In 1992, total lending amounted to nearly £13 billion, of which £1.8 billion was lent to projects in this country, making the UK the, third largest recipient among EC member states. Although the fund will be based at the bank's headquarters in Luxembourg and will be staffed by bank personnel on secondment, legally and financially it will be entirely independent of the bank. There are two reasons for that. The first is operational. The fund will complement, not duplicate, the bank's role. It will not make loans, but instead provide guarantees. In due course it may also take equity stakes in enterprises. Under its draft statute, the fund will operate in support of two classes of undertaking, small and medium-sized enterprises and planned European networks, projects to improve the links between the member states' national transport, telecommunications and energy networks. Initially the fund will provide guarantees for loans made by other financial institutions. Such guarantees are a form of insurance, for which the company which benefits will pay but which will make it easy to borrow money on reasonable terms. After two years its shareholders may allow the fund to take equity holdings. Here it would concentrate particularly on small and medium-sized enterprises. The fund would not take a holding in its own name, but rather acquire stakes in financial institutions which specialise in holding such equity.

The second reason for the fund's independent status is legal and institutional. The fund would have an initial subscribed capital of 2 billion ecu, that is £1.5 billion, of which the European Investment Bank would hold 40 per cent. It is envisaged that the remaining 60 per cent. would be divided equally between the Community itself, represented by the Commission, and those of the Community's private sector banking institutions which wish to become members. That participation by the private sector is important since guarantees will not be provided directly to small and medium-sized enterprises but rather through the agency of local banks with expertise in their relevant area. The fund will be run on a commercial basis and may pay dividends on its capital.

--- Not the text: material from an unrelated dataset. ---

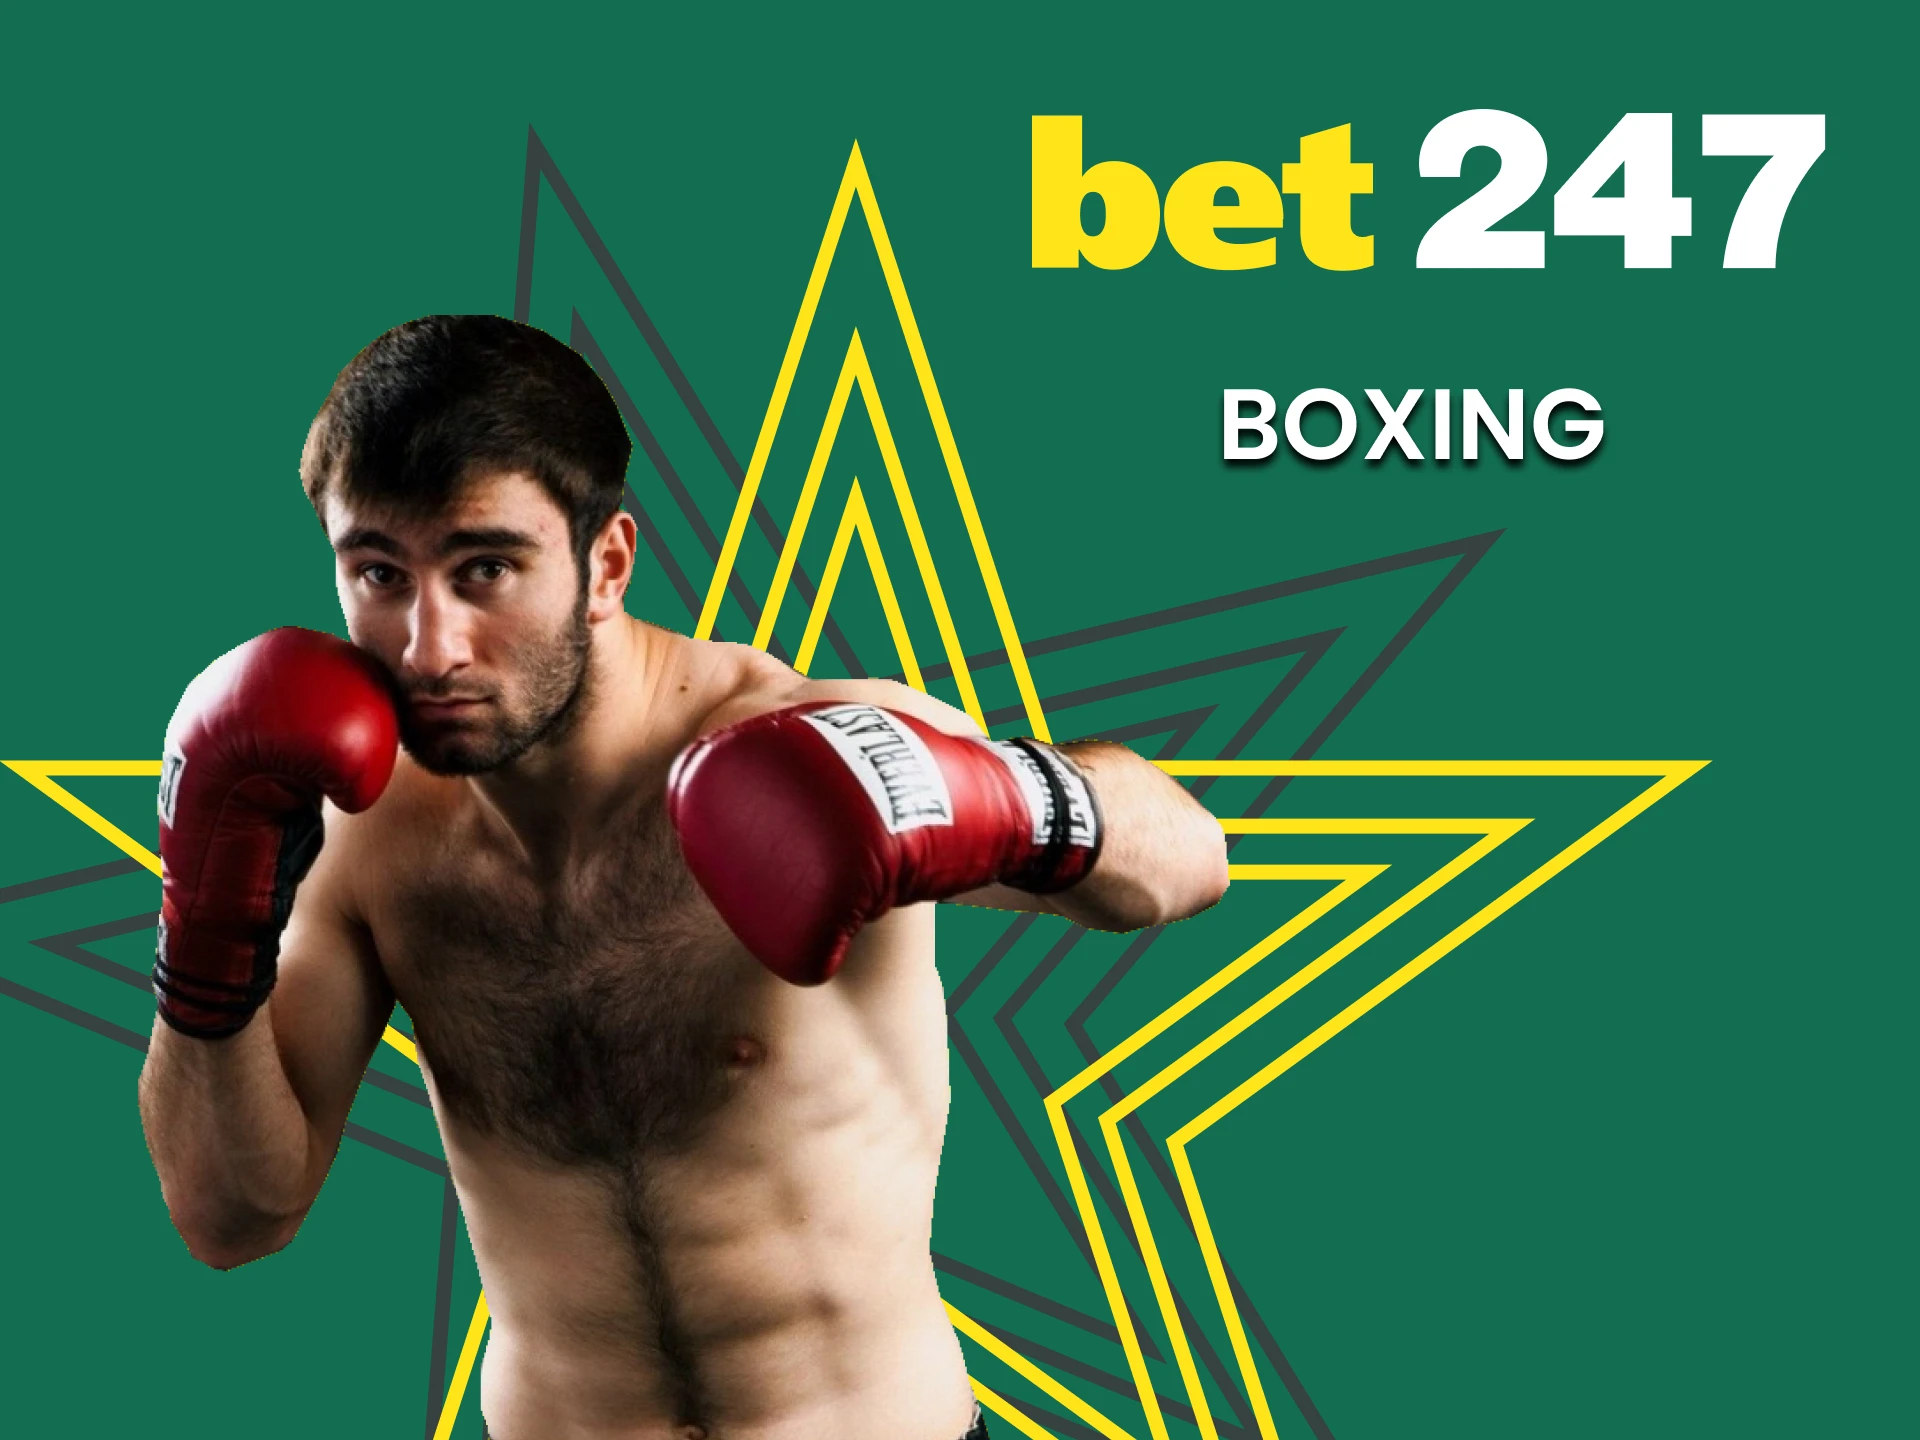 Bet on boxing with Bet247.
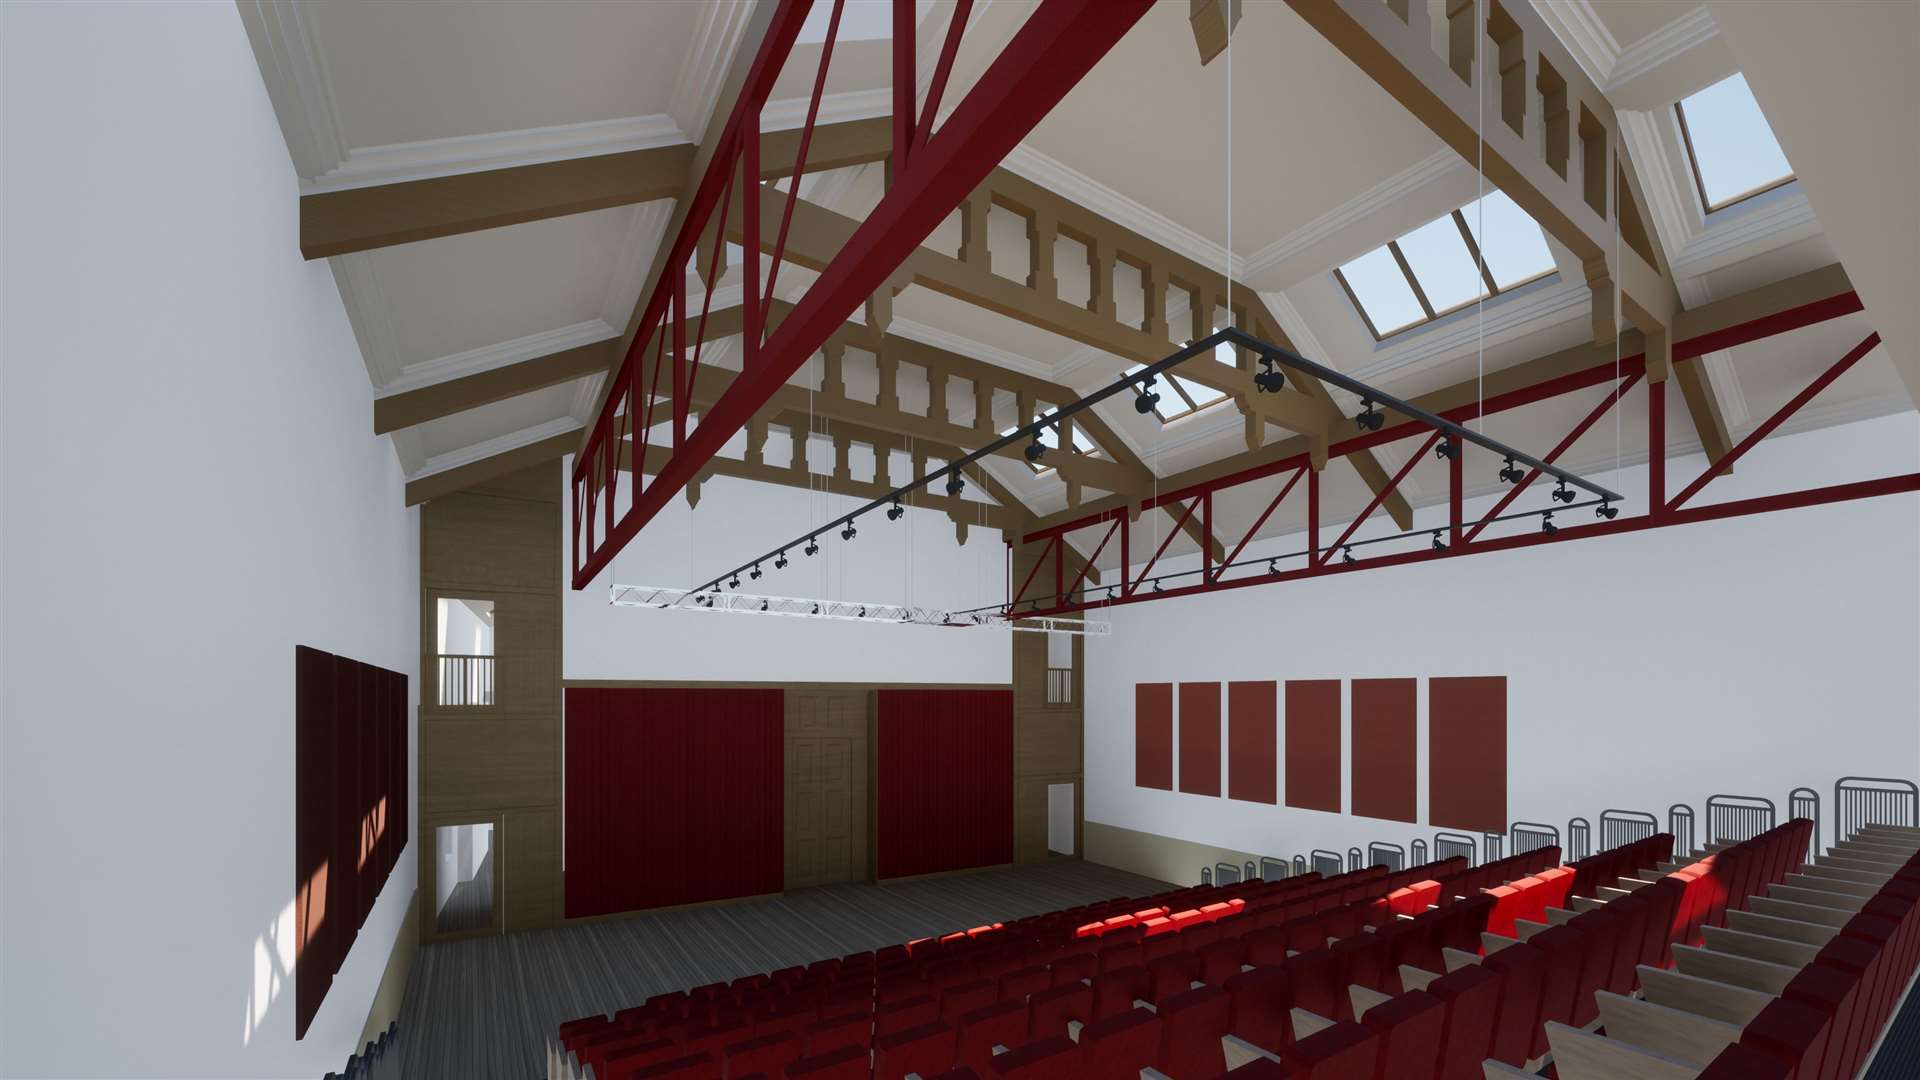 Another view from the proposed retractable seating in the main hall.

The procedure for setting up the fund is somewhat complex. Legally what is required is for the board of governors of the European Investment Bank, which includes my right honourable friend the Chancellor of the Exchequer as United Kingdom representative, to set up the new body and then invite the Community and private sector banks to join. However, in order that that be done, the statute of the bank must be amended to provide the Government with the necessary powers, for the statute is a protocol of the Treaty of Rome. An amendment to the statute is thus an amendment to the treaty. In order to make such an amendment, member states must first agree the change at an intergovernmental conference; and then each must ratify the change in accordance with its own procedures. The required IGC met in Brussels on 28th March, and it is in order to enable ratification by the UK to take place that I have moved this order today.

This order provides far the necessary small amendment to the Treaty of Rome to be regarded as one of the Community Treaties aS defined in Section 1(2) of the European Communities Act 1972. The amendment would add a new article, Article 30, to the Protocol on the statute of the European Investment Bank. If the amendment is ratified by all member states, that article would enable the board of governors of the bank to create the European Investment Fund by unanimous decision. Once specified in order, a treaty is to be conclusively regarded as one of the Community Treaties. The order in council has to be approved in draft by a resolution of both Houses; hence, there is this debate.

To sum up, the concept of the European Investment Fund was given a big push by the initiative launched last year at Edinburgh under the UK presidency. The fund itself would prove a useful addition to the Community response to the key problems of unemployment and loss of competitiveness. Because it is targeted on small and medium sized enterprises, the important engines of economic growth and employment generation and on trans-European networks, it will encourage private sector initiative, work with the grain of the enterprise culture and so help improve competitiveness and employment. I commend the order to the House.

Moved, That the draft order laid before the House on 18th November be approved [1st Report from the Joint Committee]. —(The Earl of Caithness.)

Lord Peston

My Lords, I thank the noble Earl for his remarks on the order. I can speak quite briefly, for two reasons. One is that the order was discussed at some length in the other place. Secondly, this is the kind of European socialist initiative which we on this side strongly support and of which we should like to see more. I am delighted to see that the noble Earl has come round to our way of thinking on matters of this kind. This is precisely the way, but on a larger scale, in which we can deal with problems of unemployment in Europe. Let me add that I join with the noble Earl in applauding the work of the European Investment Bank which, as he rightly said, is unappreciated but quietly does very useful work.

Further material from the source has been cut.